BEGIN Data to examine

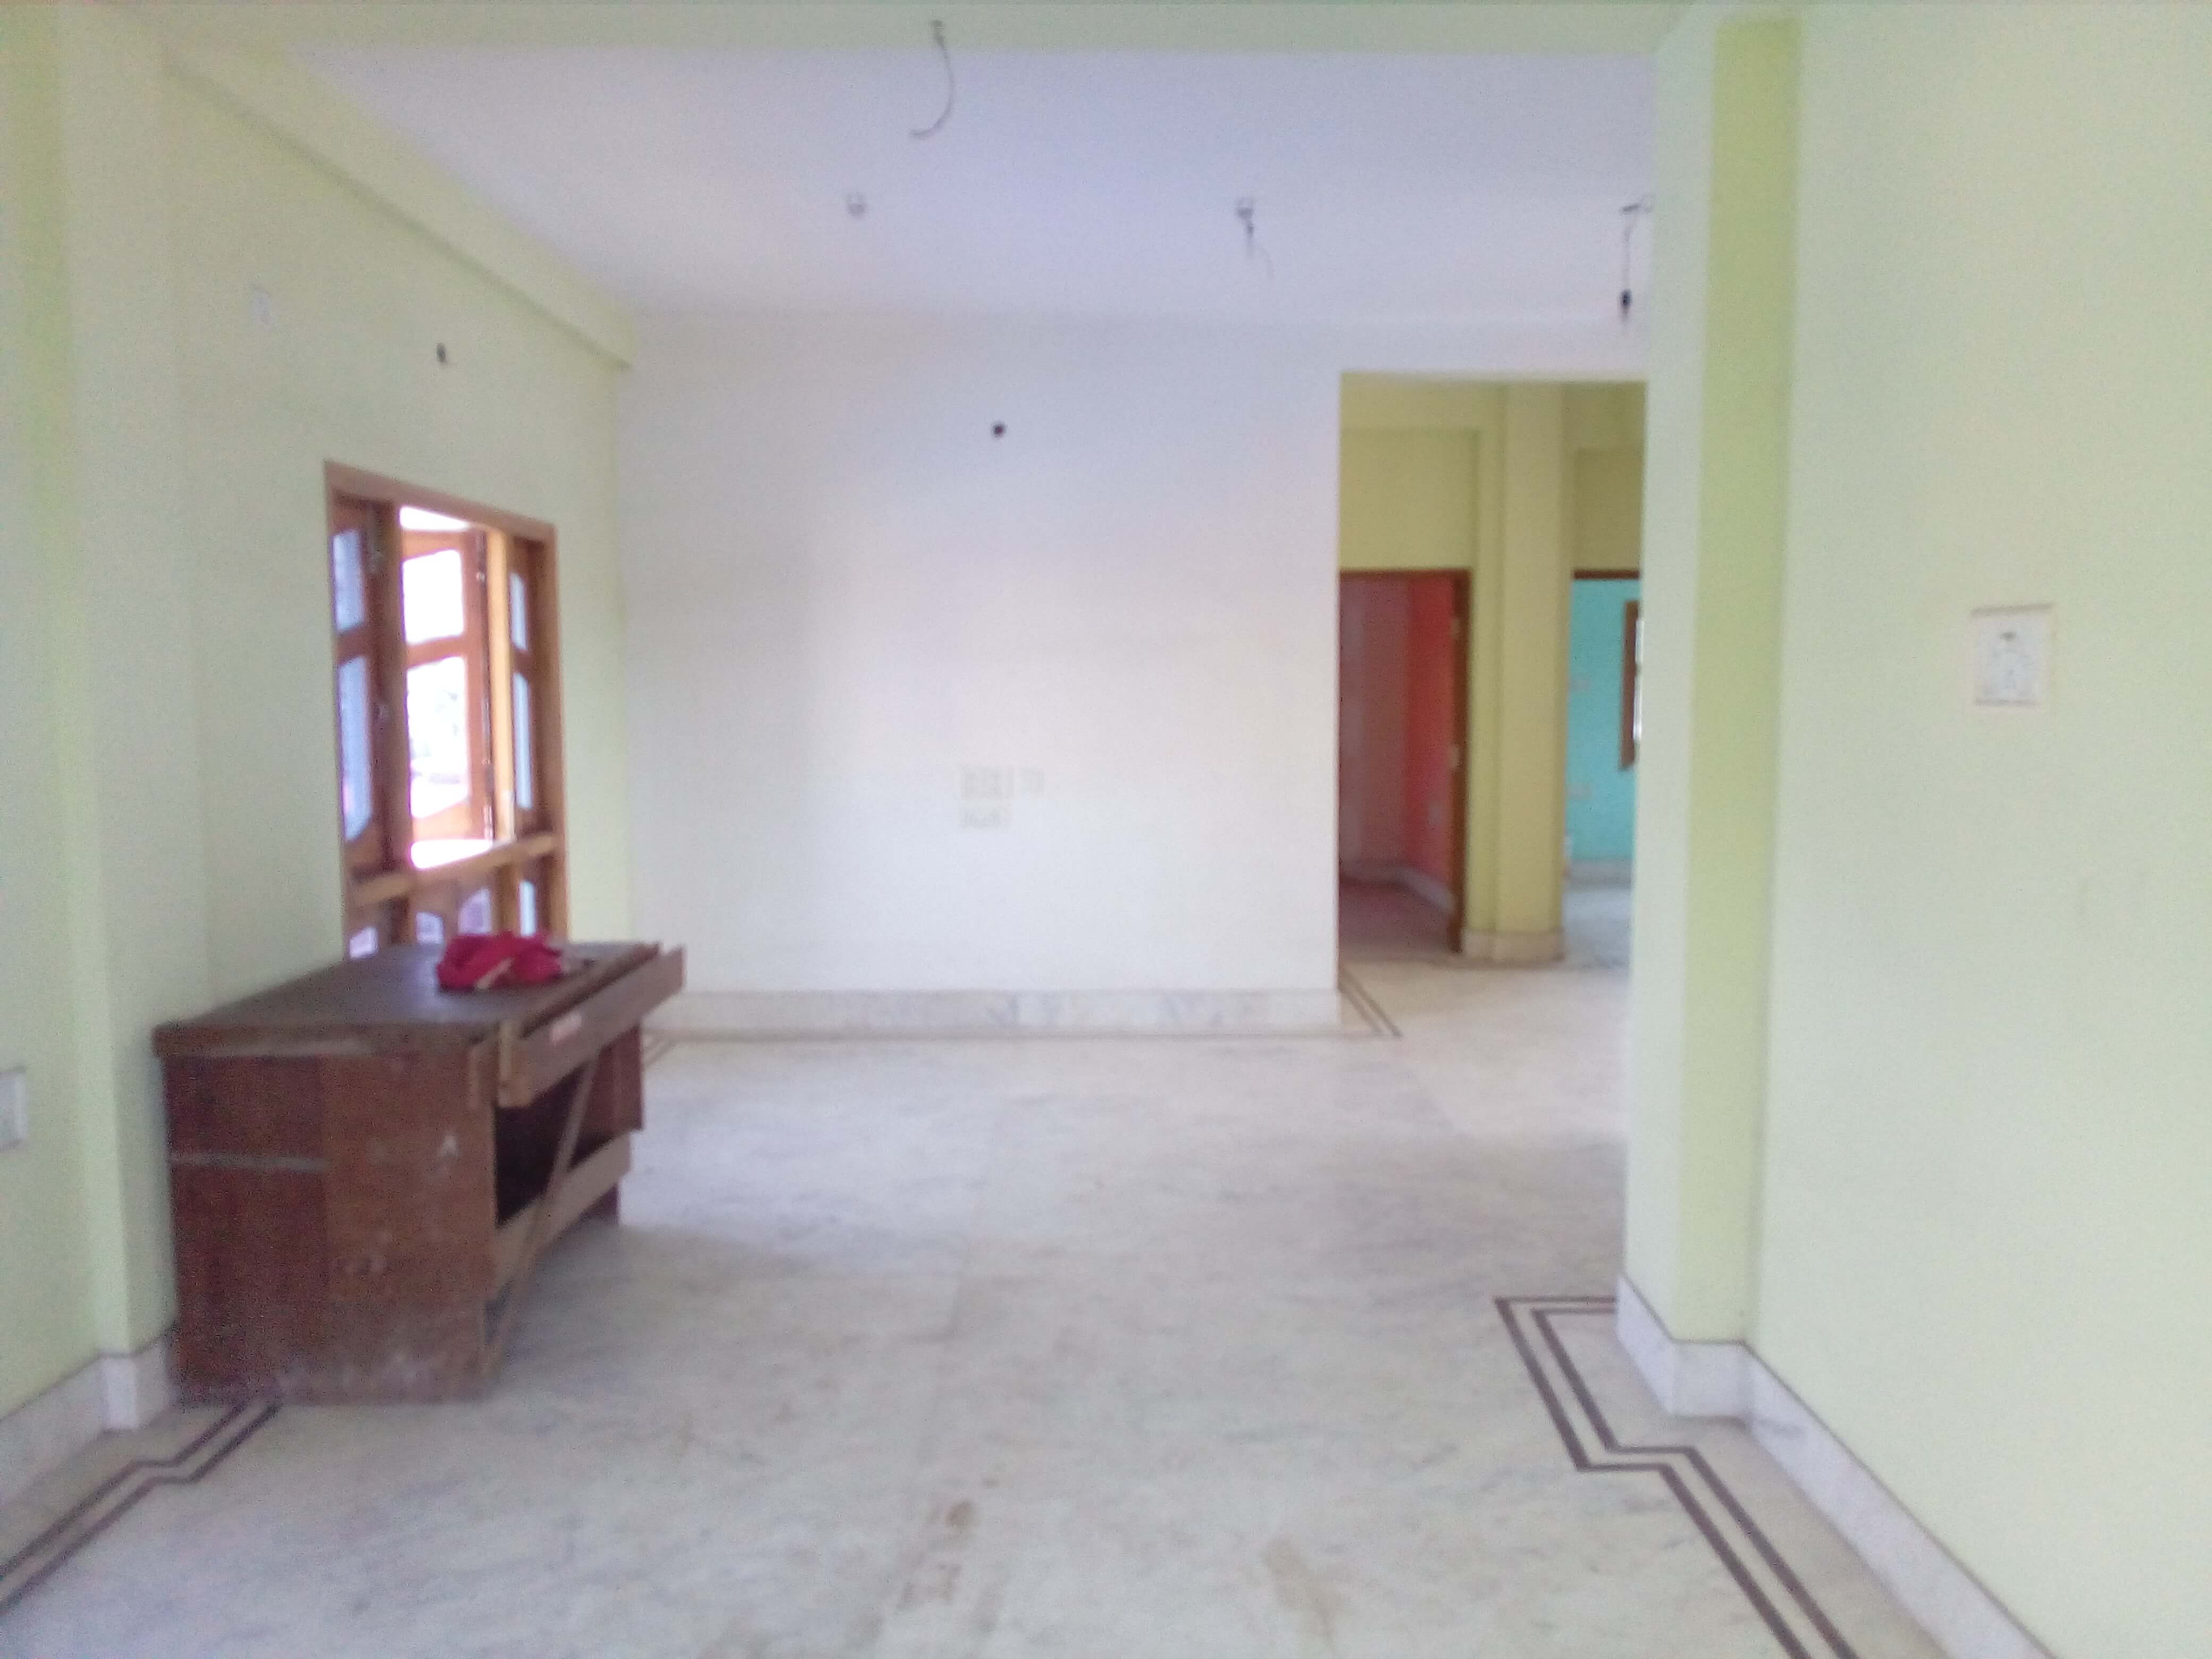 Flat For Rent in Santoshpur Kolkata (Id: 12629)
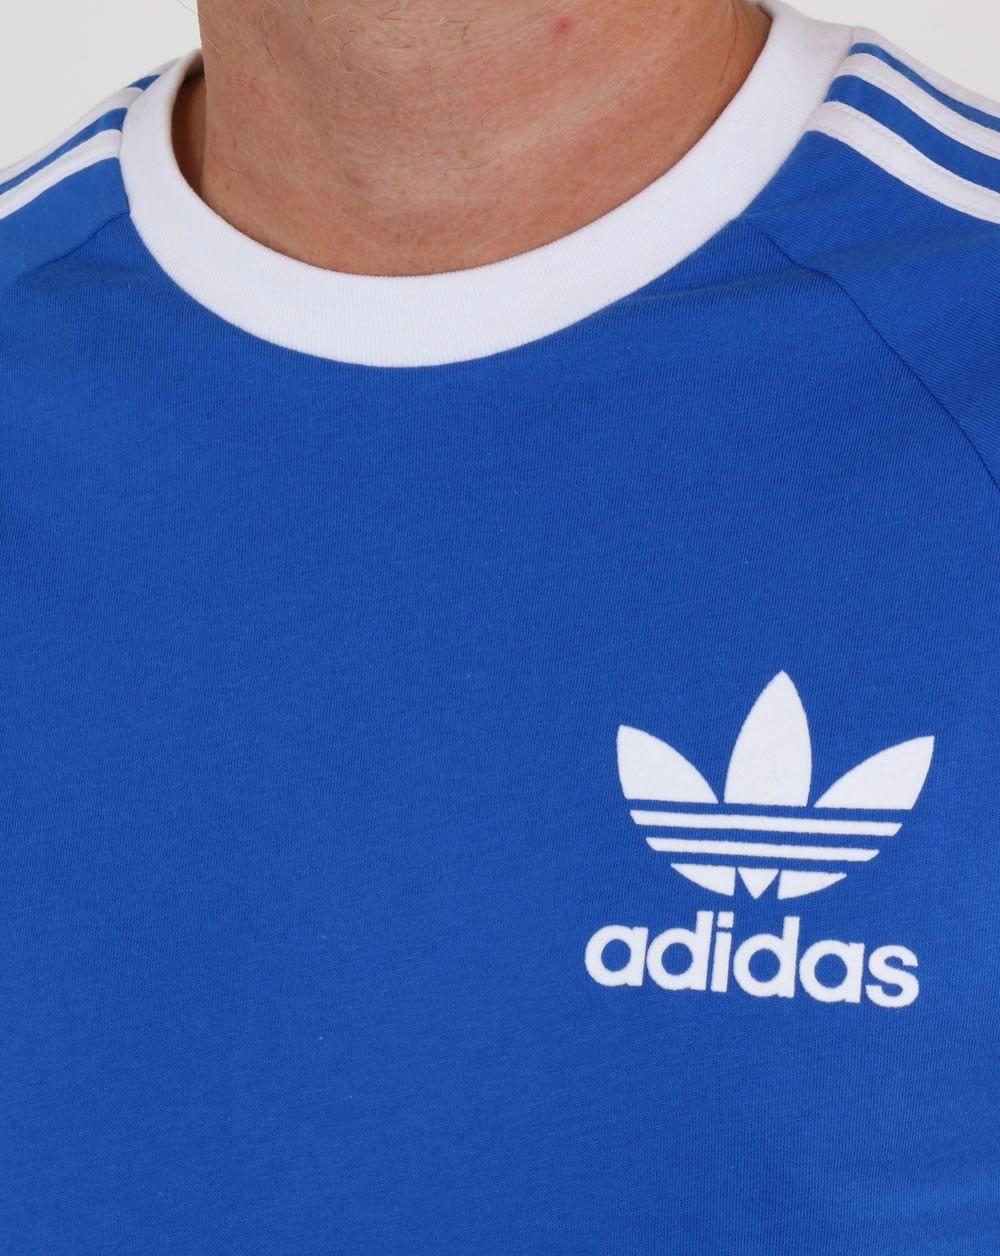 Blue and White Adidas Logo - Adidas T Shirt, blue, California, 3 stripes,originals,mens, tee, royal
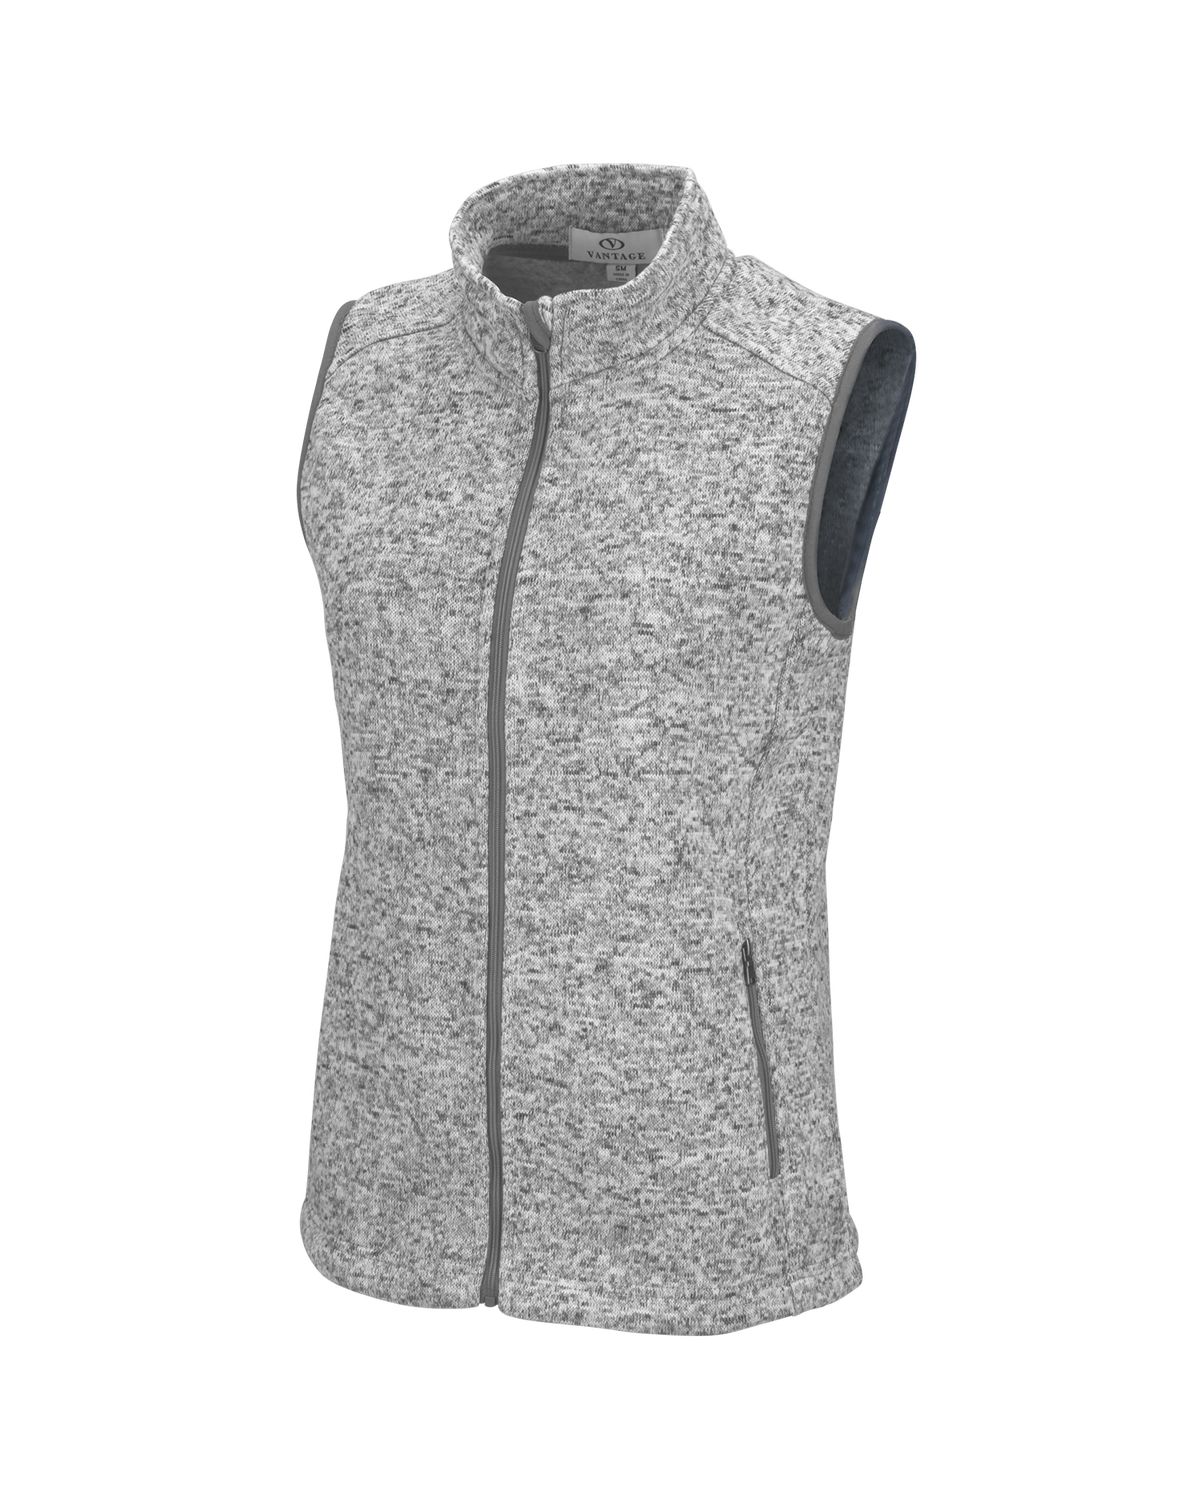 'Vantage 3308 Women’s Summit Sweater-Fleece Vest'
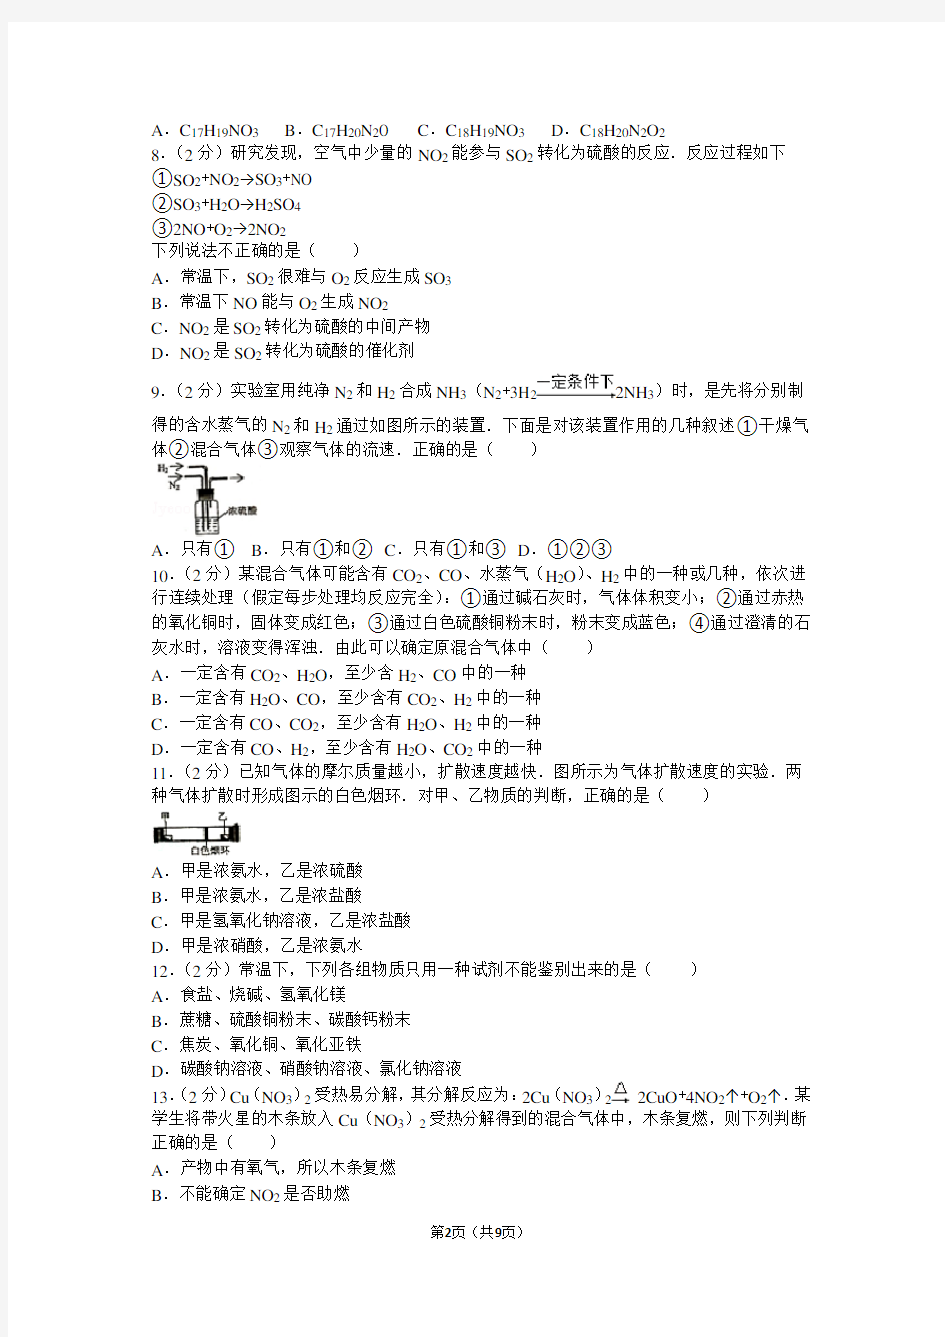 2013年第二十三届“天原杯”全国初中学生化学素质和实验能力竞赛(上海赛区)初赛试卷
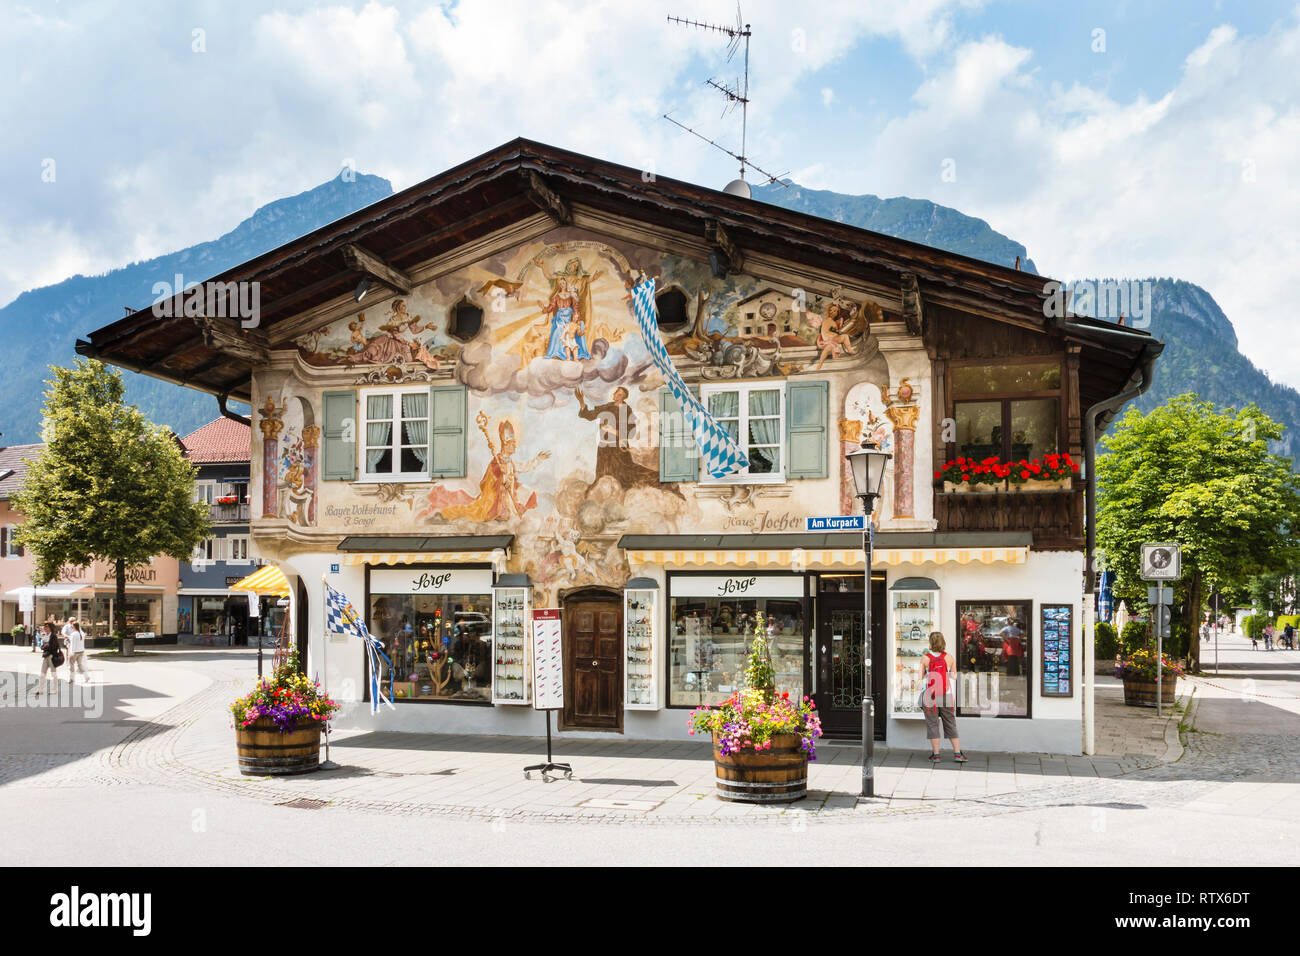 GARMISCH - Juillet 6 : bâtiment peint historique Haus Jocher à Garmisch-Partenkirchen, Allemagne en été le 6 juillet 2016. Banque D'Images

END Data to examine

What to produce: A verbatim copy of the entries, without the pictures, is what this task requires.

Response to this task:
 Flat For Rent in Santoshpur Kolkata (Id: 12629)
 Blue and White Adidas Logo - Adidas T Shirt, blue, California, 3 stripes,originals,mens, tee, royal
 'Vantage 3308 Women’s Summit Sweater-Fleece Vest'
 2013年第二十三届“天原杯”全国初中学生化学素质和实验能力竞赛(上海赛区)初赛试卷
 GARMISCH - Juillet 6 : bâtiment peint historique Haus Jocher à Garmisch-Partenkirchen, Allemagne en été le 6 juillet 2016. Banque D'Images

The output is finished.